= John Wolff =

American legal scholar

John Wolff (1906–2005) served as an adjunct professor of law at Georgetown University Law Center for 44 years until his death on December 7, 2005 In addition to teaching, he worked for the government and was a consultant on Foreign and International Law in Washington, D.C., and published articles in numerous American and German legal publications. He was a lieutenant colonel in the Judge Advocate General's Corps of the U.S. Army and a deputy to the U.S. representative to the United Nations War Crimes Commission.

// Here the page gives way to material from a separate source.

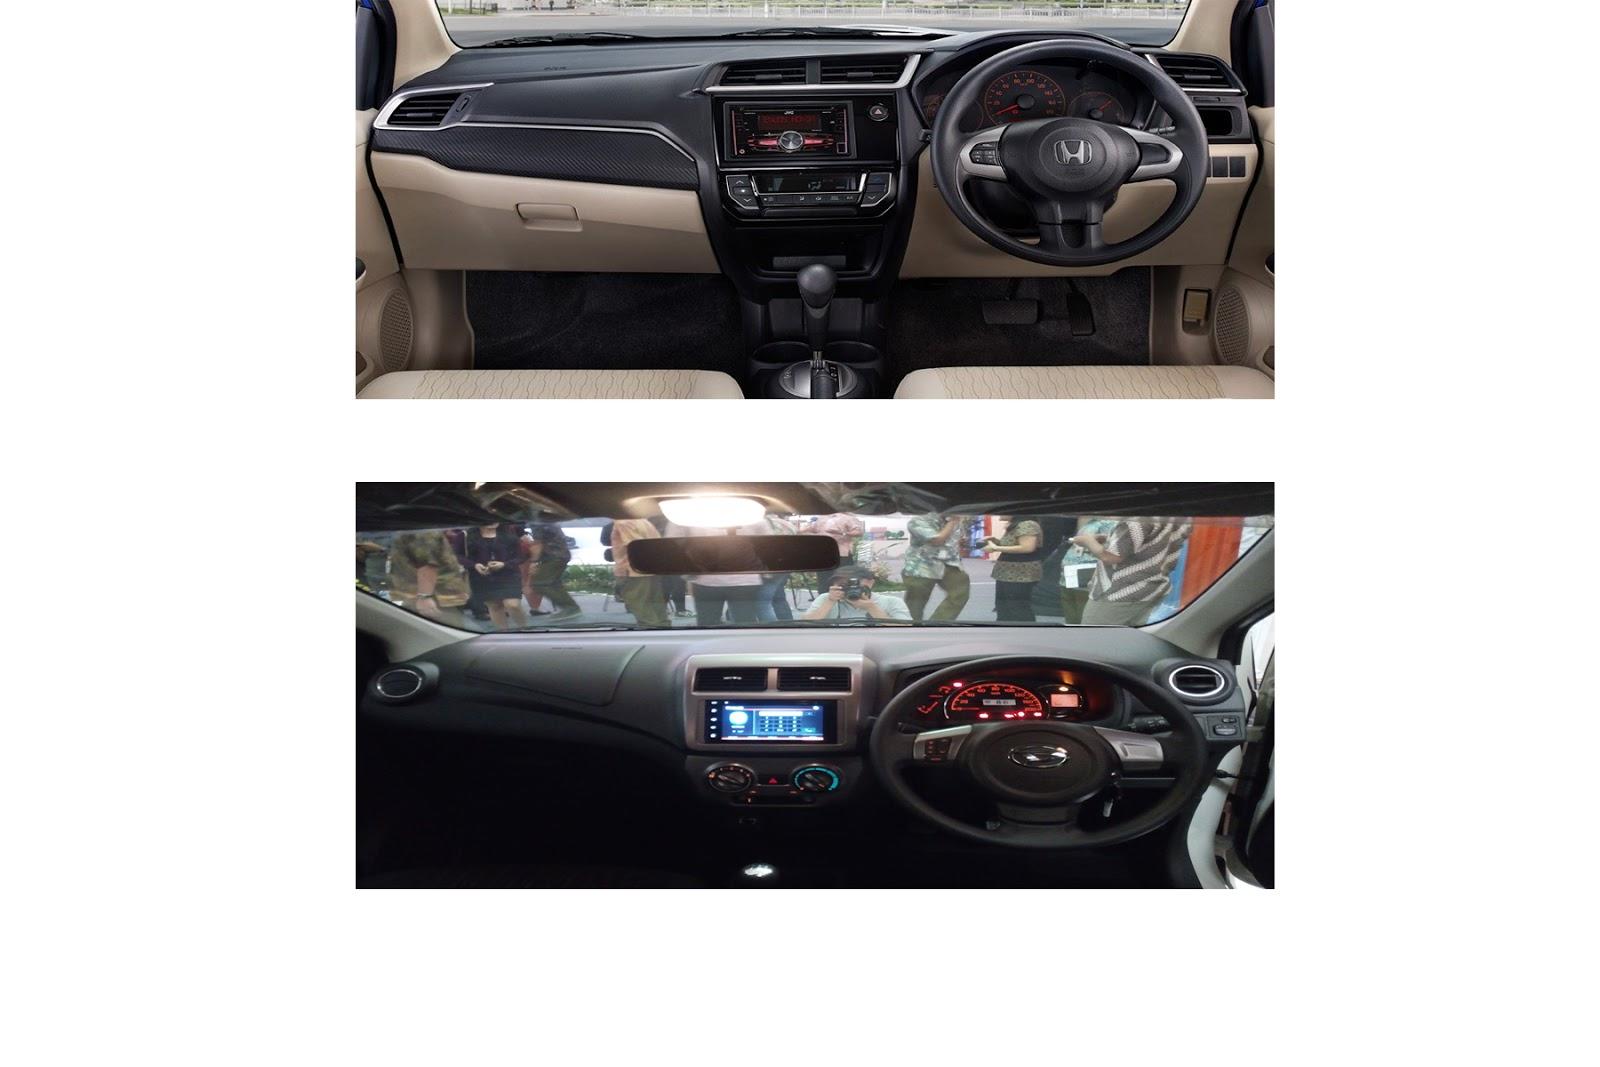 Spesifikasi New Agya Trd 2017 Harga All Kijang Innova 2.4 V A/t Diesel Lux Adu Keunggulan Dan Kelebihan Toyota Vs

He also served as an advisor on international and foreign law to the U.S. Department of Justice and served as deputy chairman of the Council on International Law of the Federal Bar Association.

He graduated with an LL.D. from the University of Heidelberg and later received an LL.M. from Columbia University. In addition to Georgetown, Professor Wolff lectured at the Universities of Munich and Muenster in Germany as well as the Law Society of Berlin.

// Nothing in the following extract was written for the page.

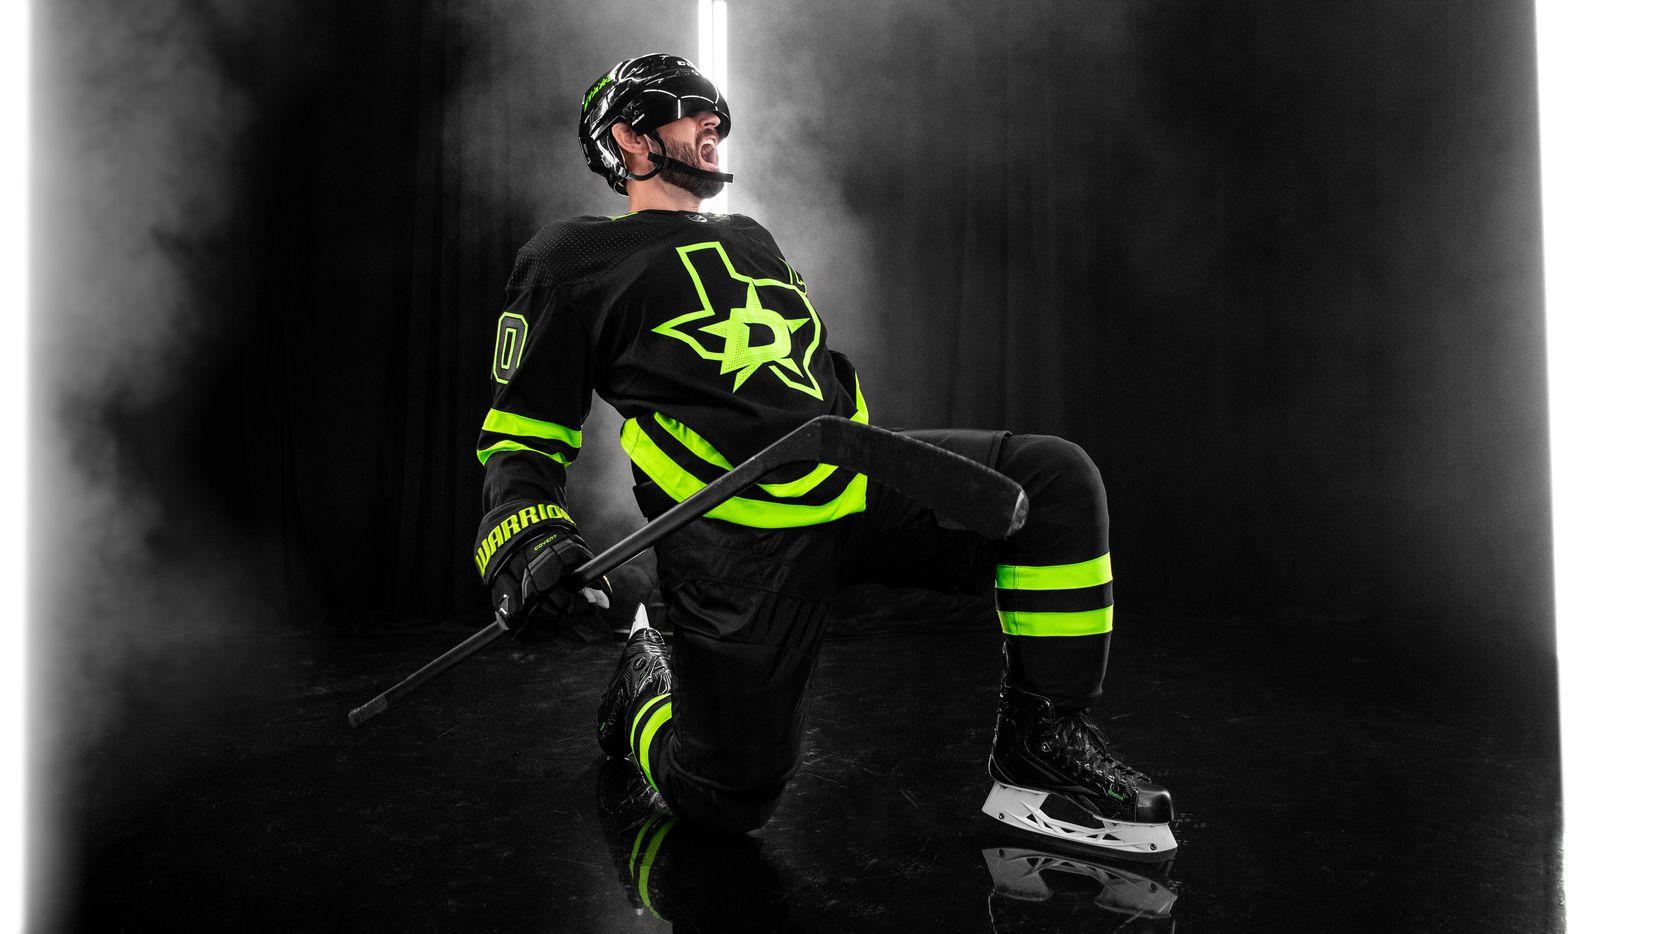 Dallas Stars unveil new black and neon green alternate jersey

Professor Wolff received three awards from Georgetown University. In 1981, he received the Vicennial Medal in recognition of his distinguished 20 years of service. In 1988, he received the Charles Fahy Distinguished Adjunct Professor Award. In 2003, he received a Certificate of Appreciation in recognition of his loyalty and commitment to Georgetown University and 42 years of outstanding teaching.

In 2004, Georgetown permanently honored Professor Wolff through dedication of the John Wolff International and Comparative Law Library.